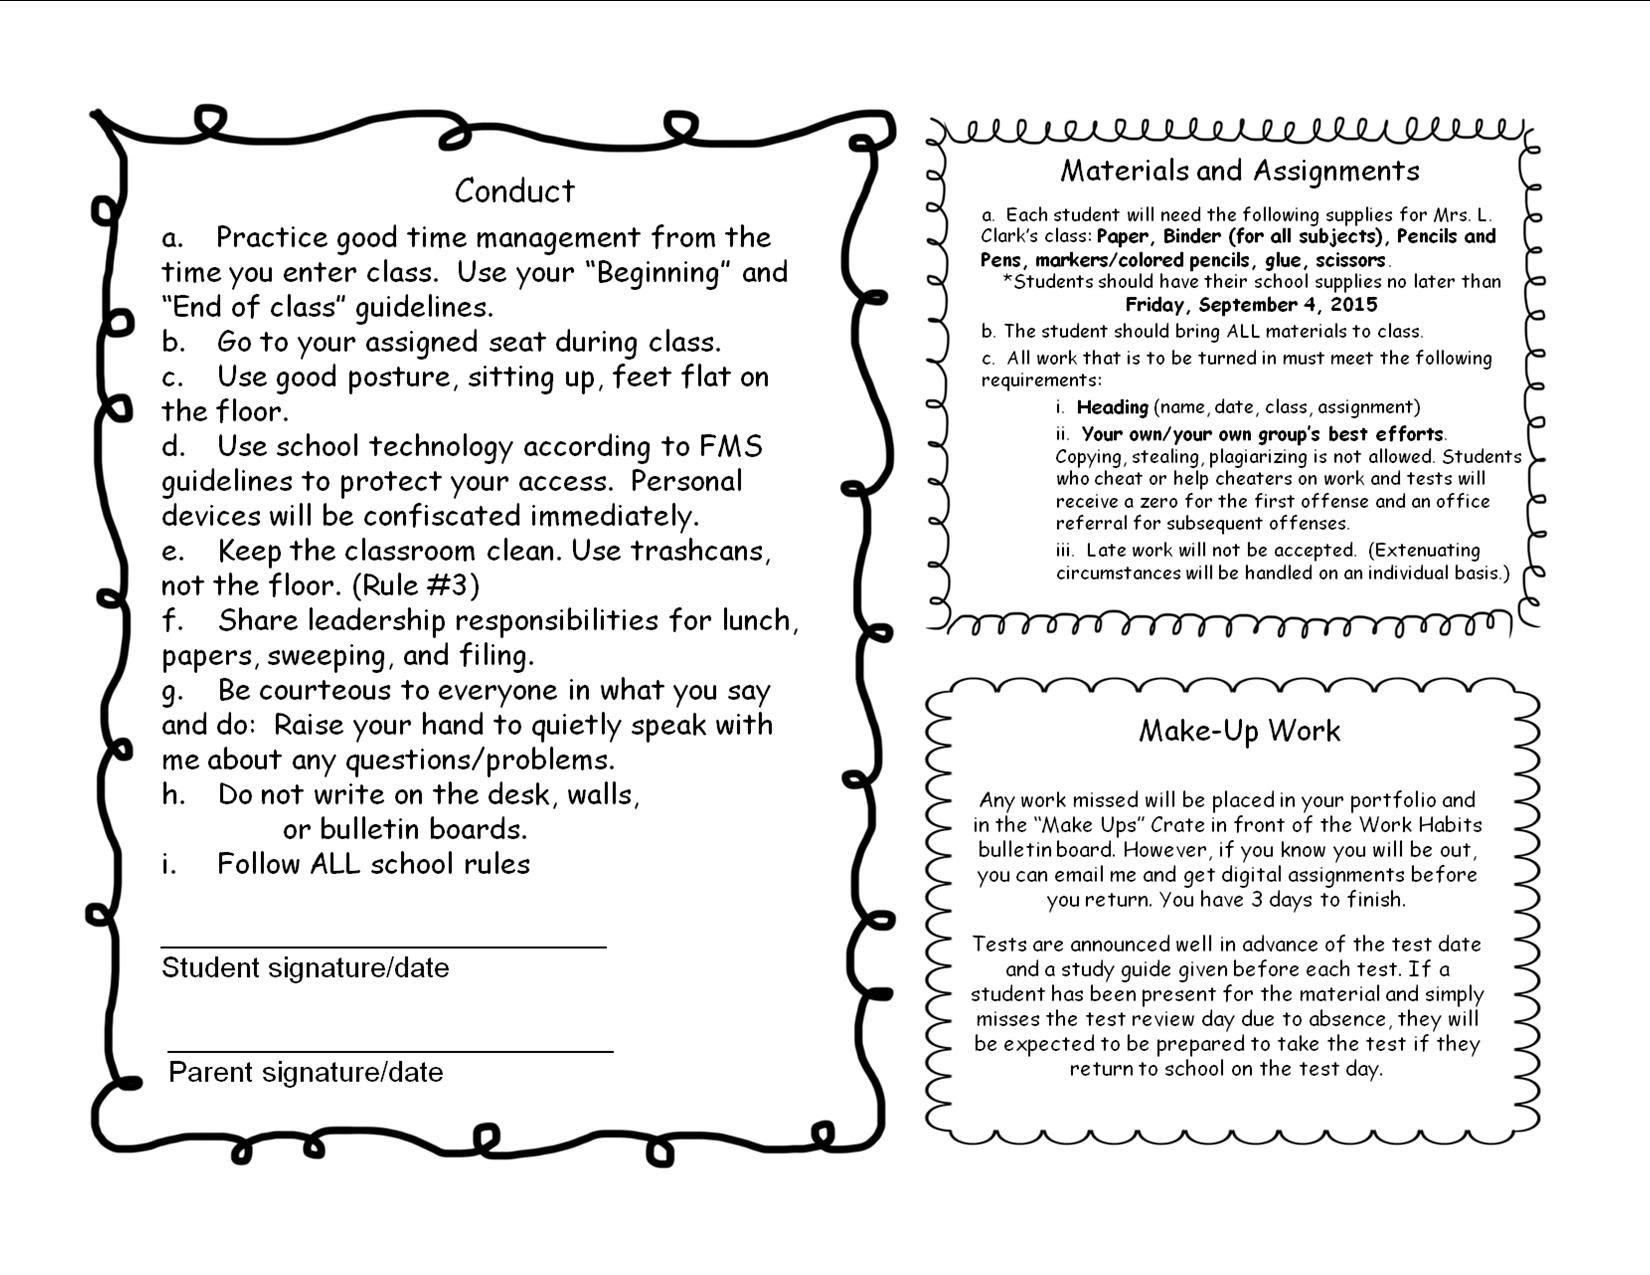 hight resolution of Syllabus Social Studies - Mrs. L. Clark's 7th Grade FMS
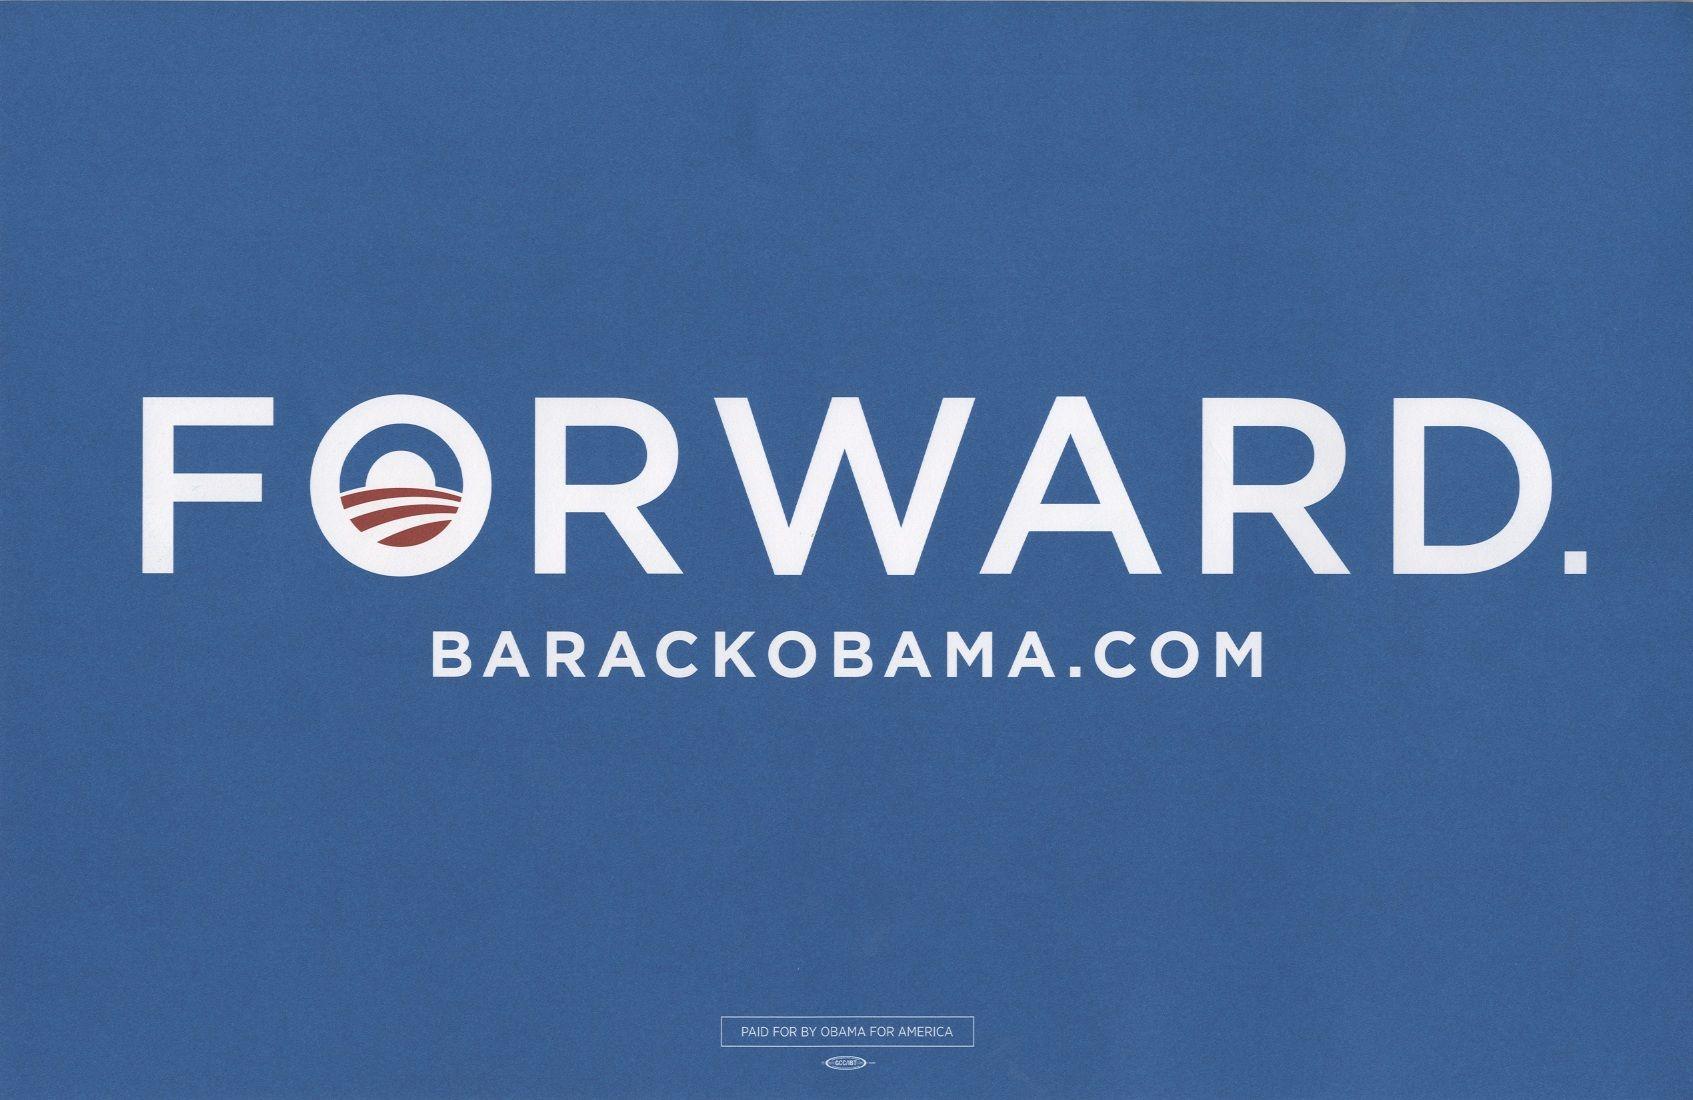 Barack obamas campaign signage obama campaign barack
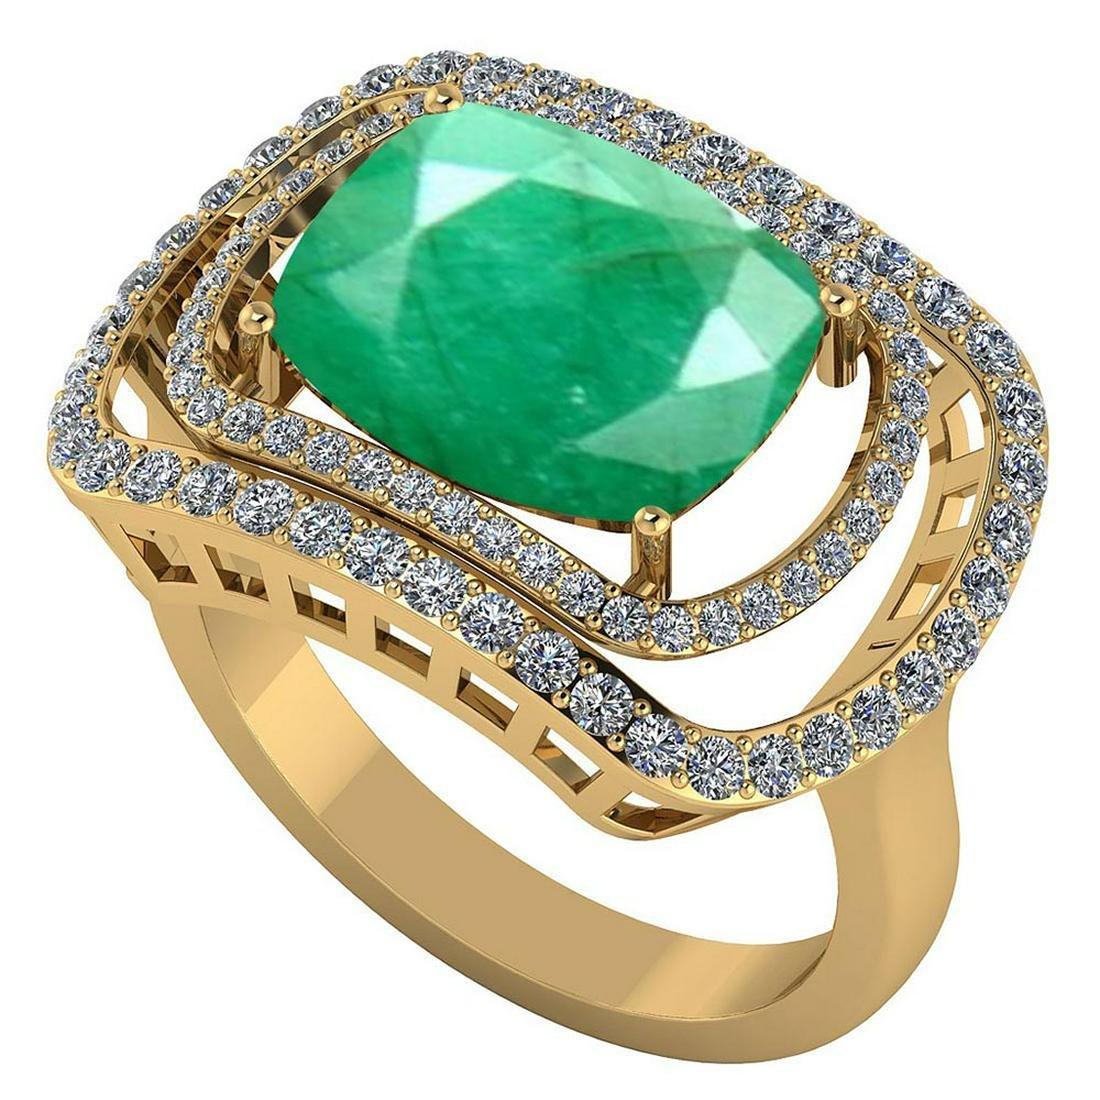 Certified 3.50 CTW Genuine Emerlad And Diamond 14K Yell
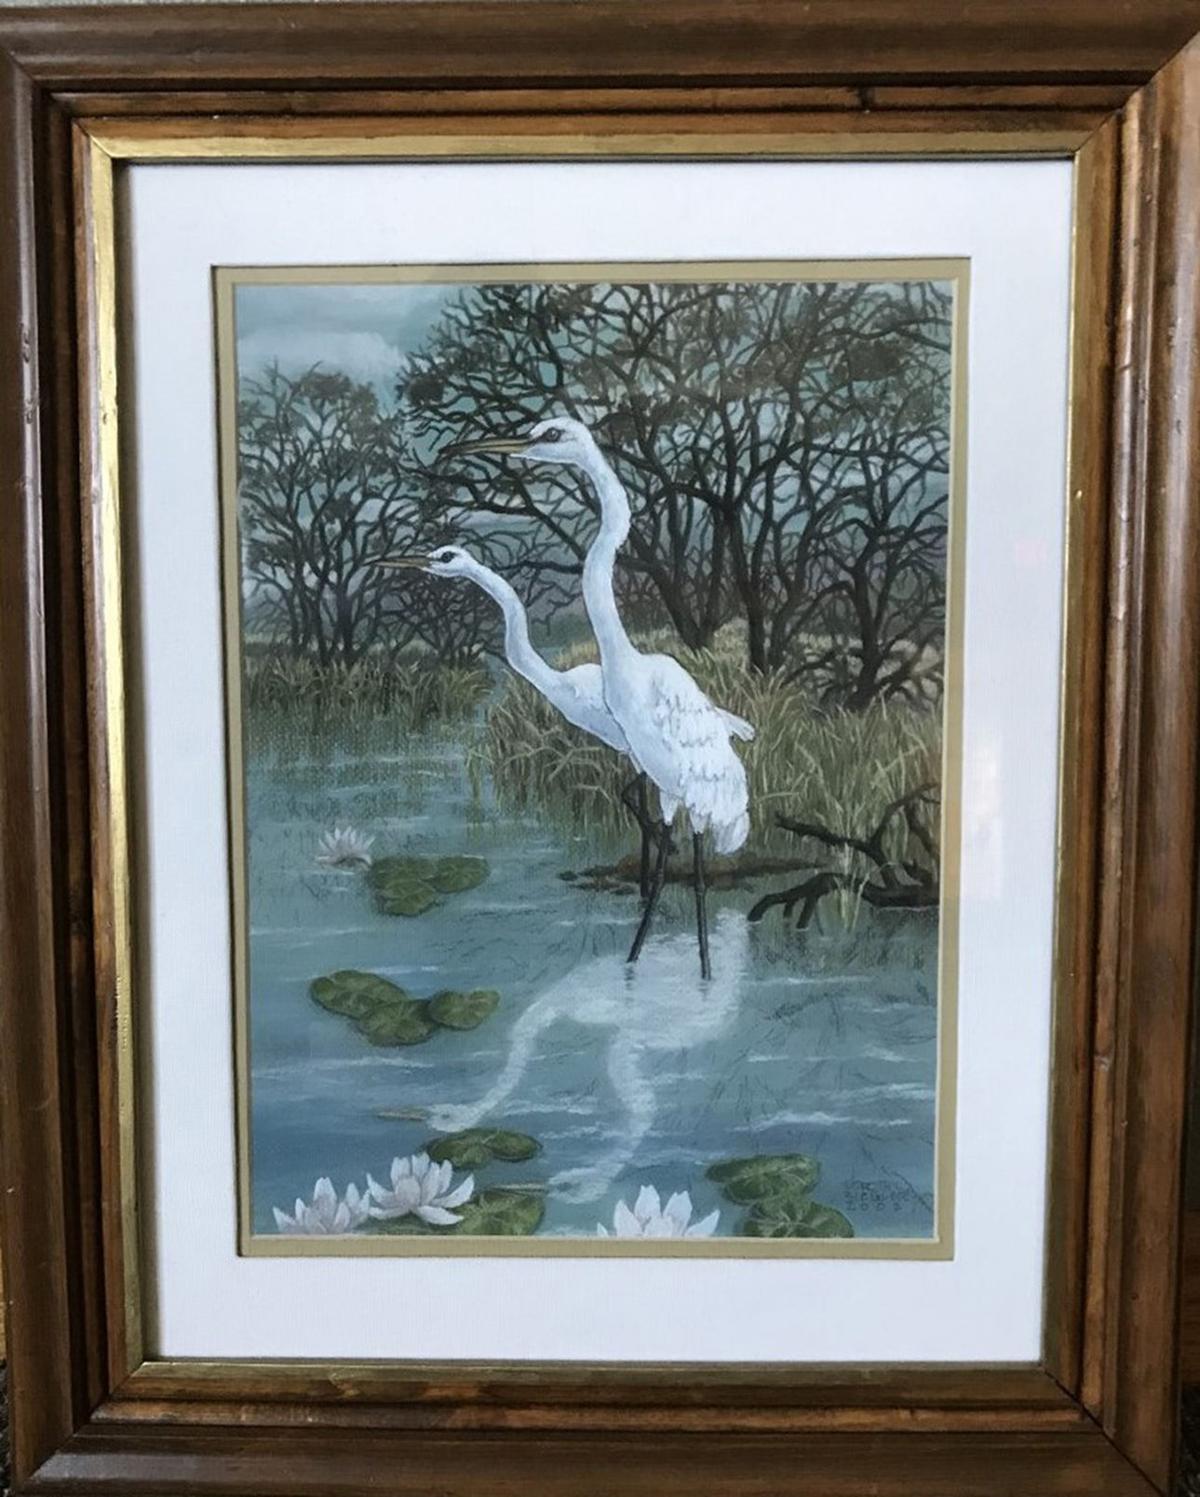 'Egrets,' by Dorothy Ziegler
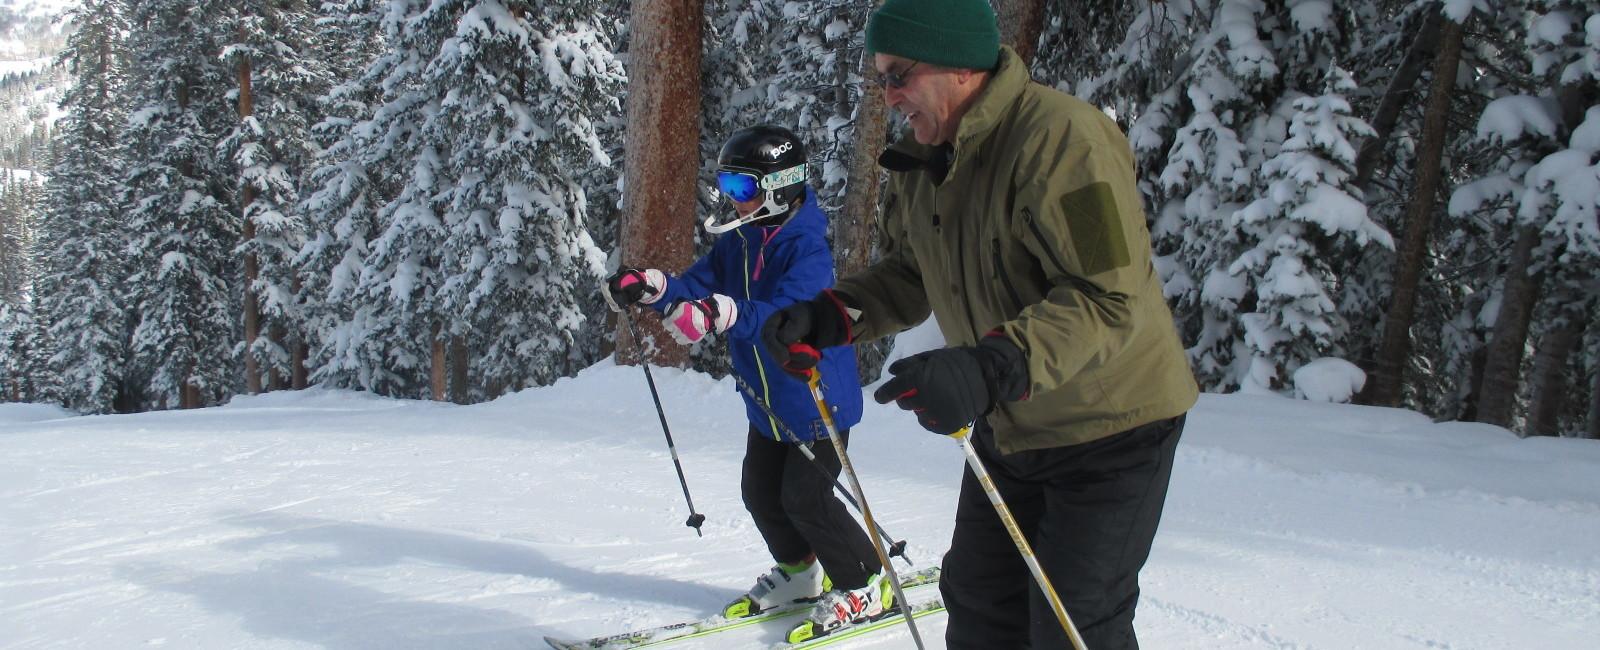 Ski tips for Grandpa-kids do the teaching!
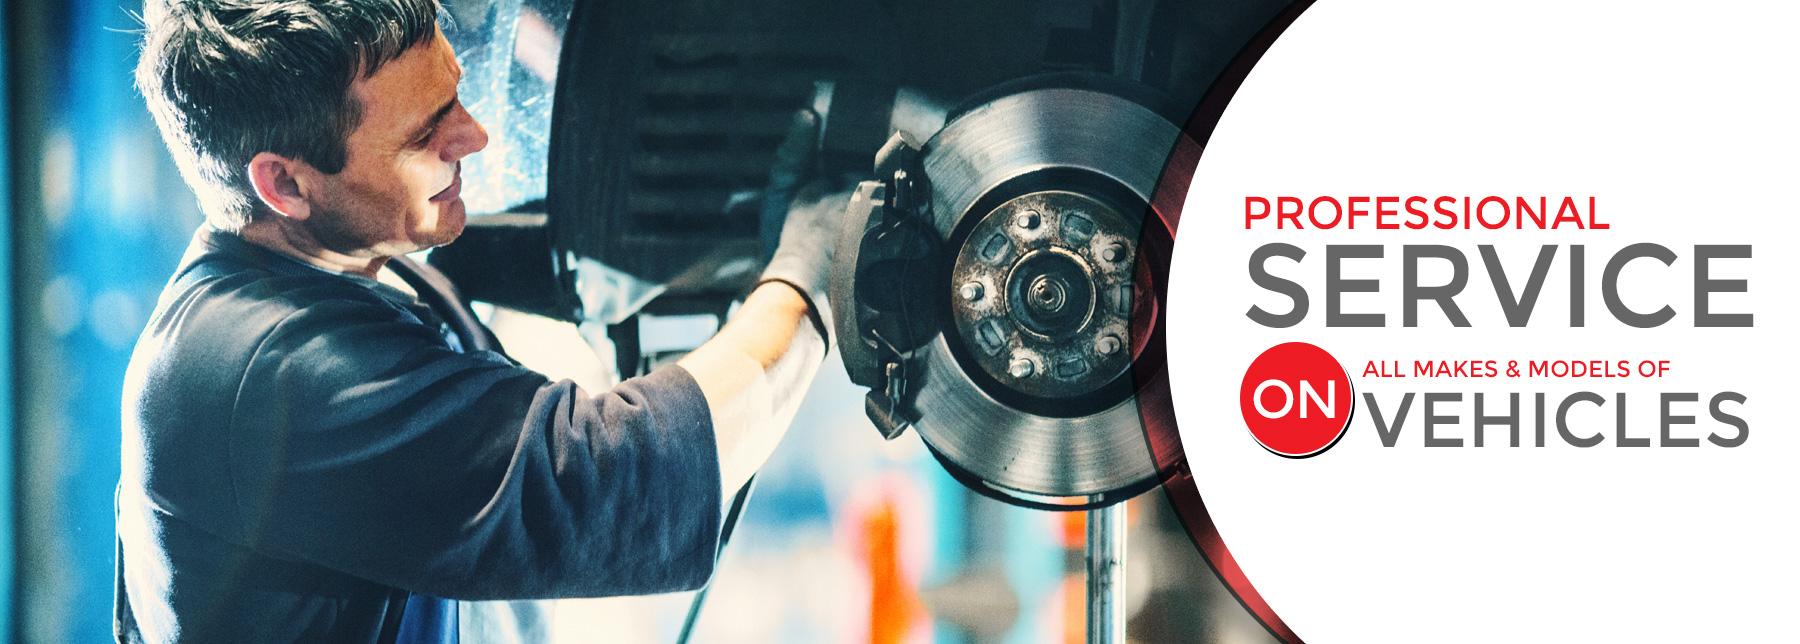 Richies Service Center | Brakes, Brake job, Auto repair

## Exercise directions
The required output is every line from the one containing "Certified 3.50 CTW" through the last line of the data above, restated exactly and without pictures.

## Output for this exercise
 Certified 3.50 CTW Genuine Emerlad And Diamond 14K Yell
 'Egrets,' by Dorothy Ziegler
 Ski tips for Grandpa-kids do the teaching!
 Richies Service Center | Brakes, Brake job, Auto repair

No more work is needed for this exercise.